Bottes noires sur jeans bleus, vestes aux écussons régionaux et lunettes fumées, trois crânes rasés arrivent avec une heure de retard devant l’église Notre-Dame du Val-de-Grâce, à Paris. Ils se faufilent jusqu’aux abords de la grille où trône, ce jeudi matin, un grand portrait de Jean-Marie Le Pen, patriarche de l’extrême droite française, qui s’est réunie pour lui rendre hommage.
Des invités tous plus réactionnaires les uns que les autres
Les trois skinheads tatoués n’essayent pas d’entrer dans l’église ni même d’accéder à son parvis, trop bondés. Plus tôt, d’autres représentants des mouvances les plus radicales se sont vu refuser l’accès à l’édifice comme à son esplanade, filtré par Renaud Labaye, secrétaire général du groupe RN à l’Assemblée, avec l’aide du DPS, le dispositif de sécurité, musclé, du parti.
C’est le cas de l’ancien de l’organisation pétainiste Œuvre française Yvan Benedetti, du directeur du journal Rivarol, Jérôme Bourbon ou de l’ex-président de Radio Courtoisie, raciste revendiqué, Henry de Lesquen. Certains sont restés avec la grosse centaine de badauds, parmi lesquels d’autres personnalités comme la porte-parole de la Manif pour tous, Frigide Barjot. D’autres semblent être repartis, comme Dieudonné. L’humoriste, proche de Jean-Marie Le Pen depuis son virage antisémite dans les années 2000, avait été prévenu par la famille qu’il n’était pas le bienvenu.
Des décisions en apparence logiques mais surtout hypocrites. D’une part, parce que d’autres personnalités du même acabit étaient conviées : le théoricien Jean-Yves Le Gallou, promoteur d’un « nationalisme blanc » flirtant avec le négationnisme, ou l’ancien du GUD Axel Loustau, présent à une marche fasciste dans Paris en 2023. Éric Zemmour, Philippe de Villiers et Éric Ciotti ont complété la photo de famille.
D’autre part, c’est faire comme si célébrer en grande pompe l’antisémite français le plus célèbre de l’après-guerre était plus respectable que d’y accepter ces individus. Car, pendant une heure et demie, c’est un « grand homme », « quelqu’un qui savait pardonner » et « qui aimait les autres » qui a été célébré, dans une cérémonie à la mise en scène rappelant les hommages nationaux, avec ses deux écrans géants installés devant l’église.
Glorifier les pires heures
Le prêtre, Christophe Kowalczyk, a précisé dans son homélie qu’il avait accepté la demande de la famille d’organiser une messe dans cette église jouxtant l’hôpital militaire.

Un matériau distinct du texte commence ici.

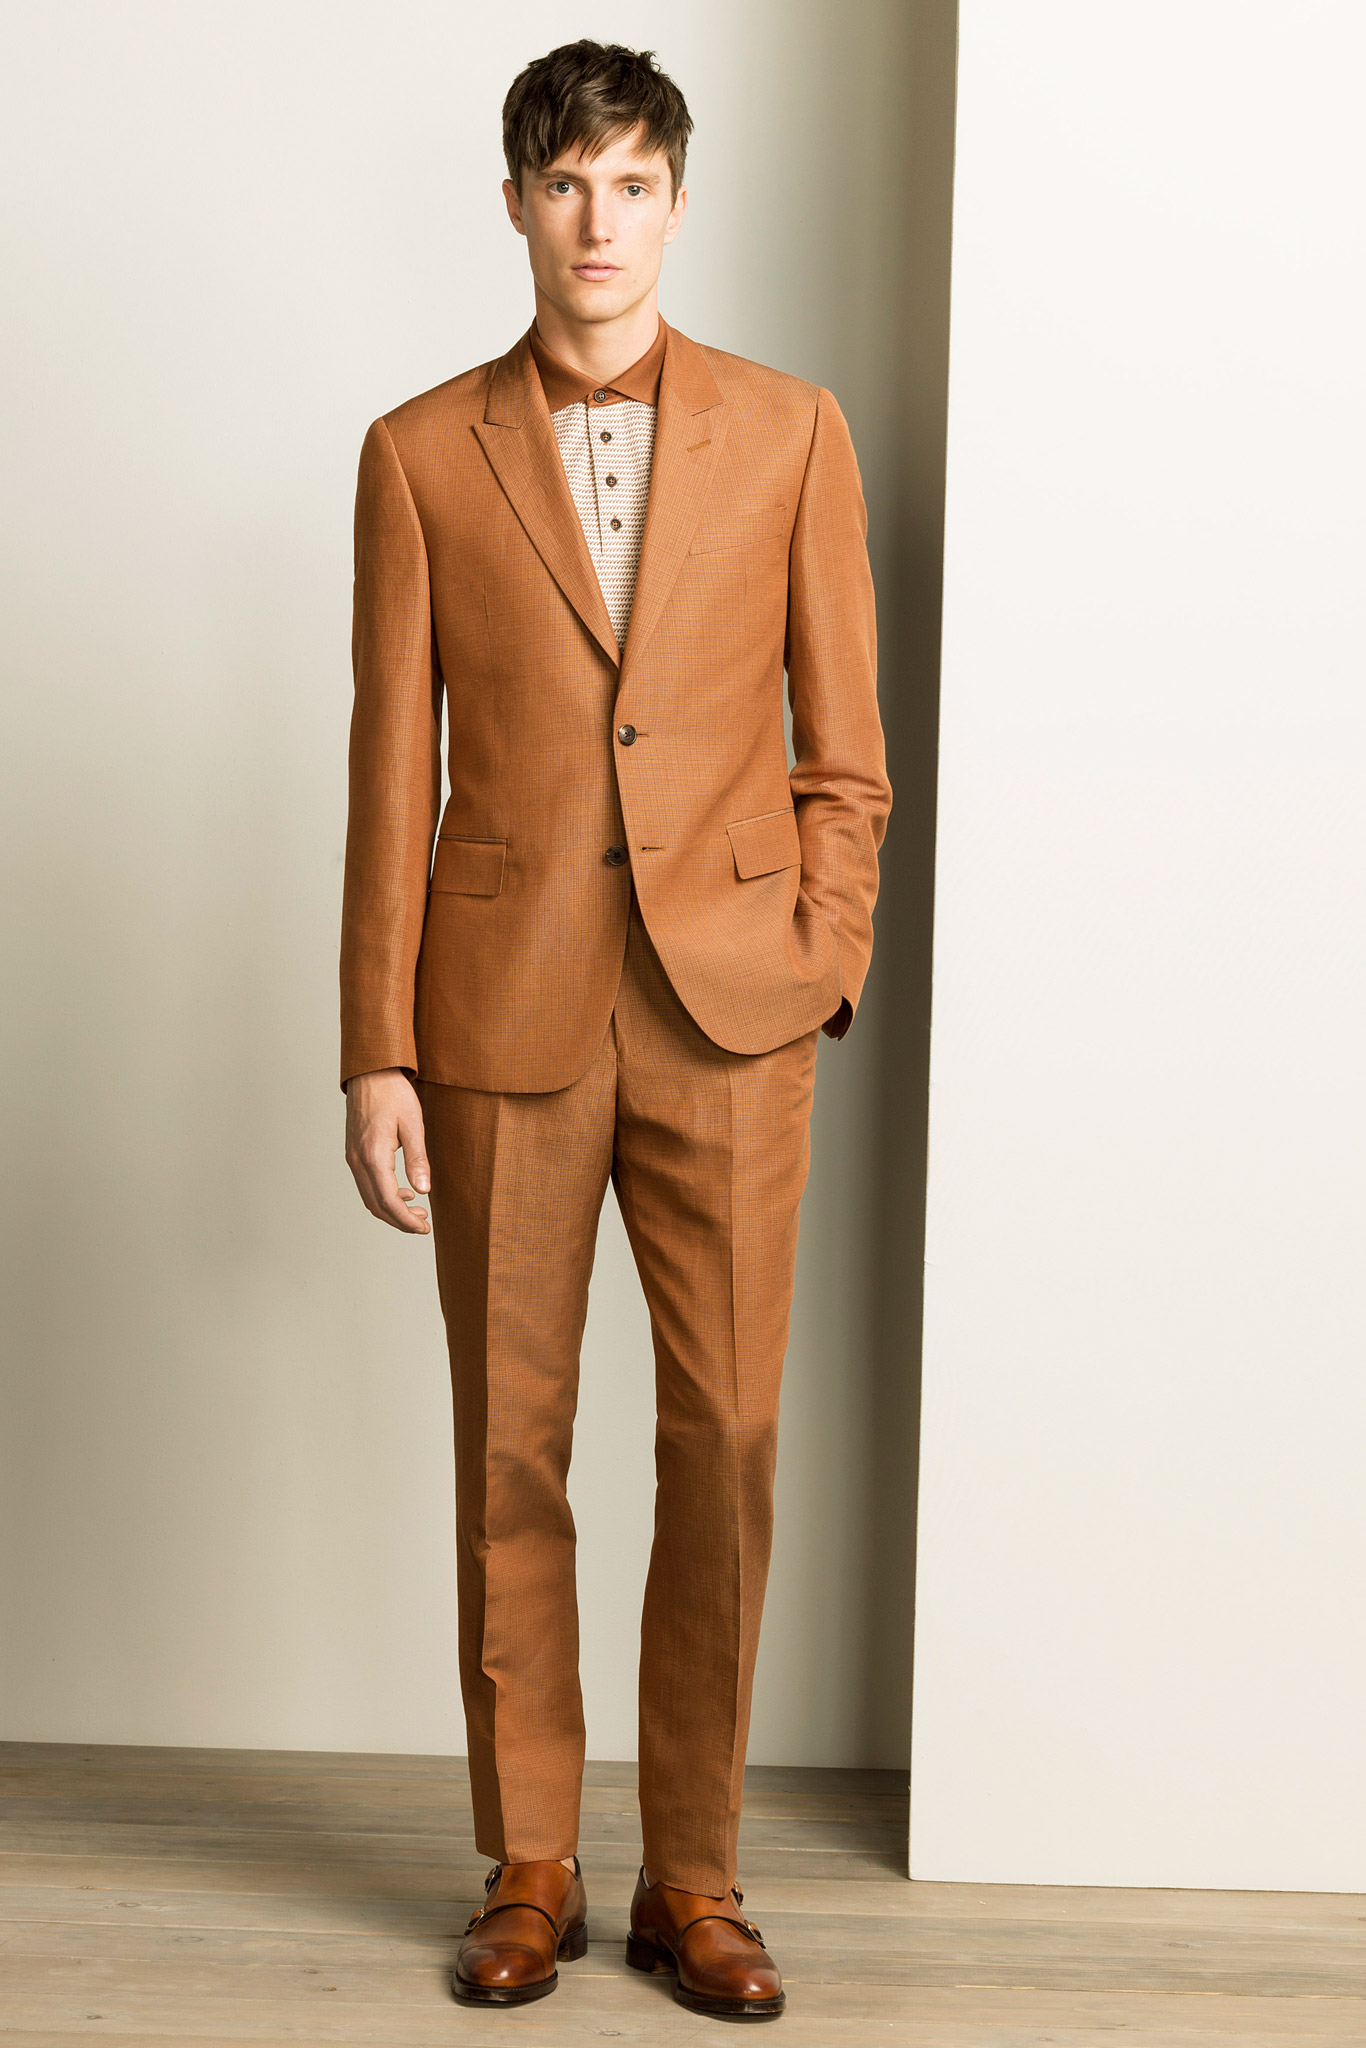 Gieves & Hawkes Spring 2016 Collection | MiKADO

Il a ensuite rendu hommage au « parcours militaire » (la Prière du para a été chantée) de ce « frère légionnaire », mais aussi aux « engagements politiques » d’un homme pourtant très éloigné des valeurs chrétiennes : « Monsieur Le Pen, vous aviez une forte tête, vous aviez une mauvaise réputation, mais vous avez aussi une âme belle. »
Parmi les hommages (de Laure Lavalette, Marion Maréchal, Marie-Caroline Le Pen, Jordan Bardella), le maire de Perpignan, Louis Aliot, a insisté dans son discours sur « la défense des harkis ». Une manière édulcorée pour parler du combat de Jean-Marie Le Pen pour l’Algérie française. Aliot conclut : « Le lieutenant Le Pen, à n’en pas douter, veillera sur nous. » Un grade qu’il n’a arboré qu’à Alger, où le fondateur du FN a exercé la torture sur plusieurs personnes dont une, Ahmed Moulay, a été exécutée.
Dans la foule, parsemée de bérets verts de la Légion étrangère, Marianne, 74 ans, ne peut retenir ses larmes. « J’ai surtout aimé l’hommage de Marion (Maréchal), c’est beau de voir cette famille, qui est un peu la nôtre, être enfin réunie. » Cette membre du FN depuis les années 1980 parle de Jean-Marie Le Pen comme d’un « visionnaire », en étalant son racisme pour le démontrer : « Je suis venu de Normandie, et, dans le métro, ici, je n’ai pratiquement vu aucun Blanc. Si on avait écouté Jean-Marie il y a quarante ans, on n’en serait pas là. » D’autres ne s’aventurent pas à répondre, surtout à l’évocation du nom de l’Humanité. « Votre journal, vous pouvez vous le foutre au cul. C’est une honte ce que vous avez fait à la mort de Jean-Marie », hurle un sexagénaire orné d’une moustache façon second Empire.
Parmi le millier de présents, personne ne s’est risqué à directement évoquer l’antisémitisme, le racisme, l’homophobie ou le passé tortionnaire de leur héros. Mais tous sont venus le célébrer, pour ces mêmes raisons.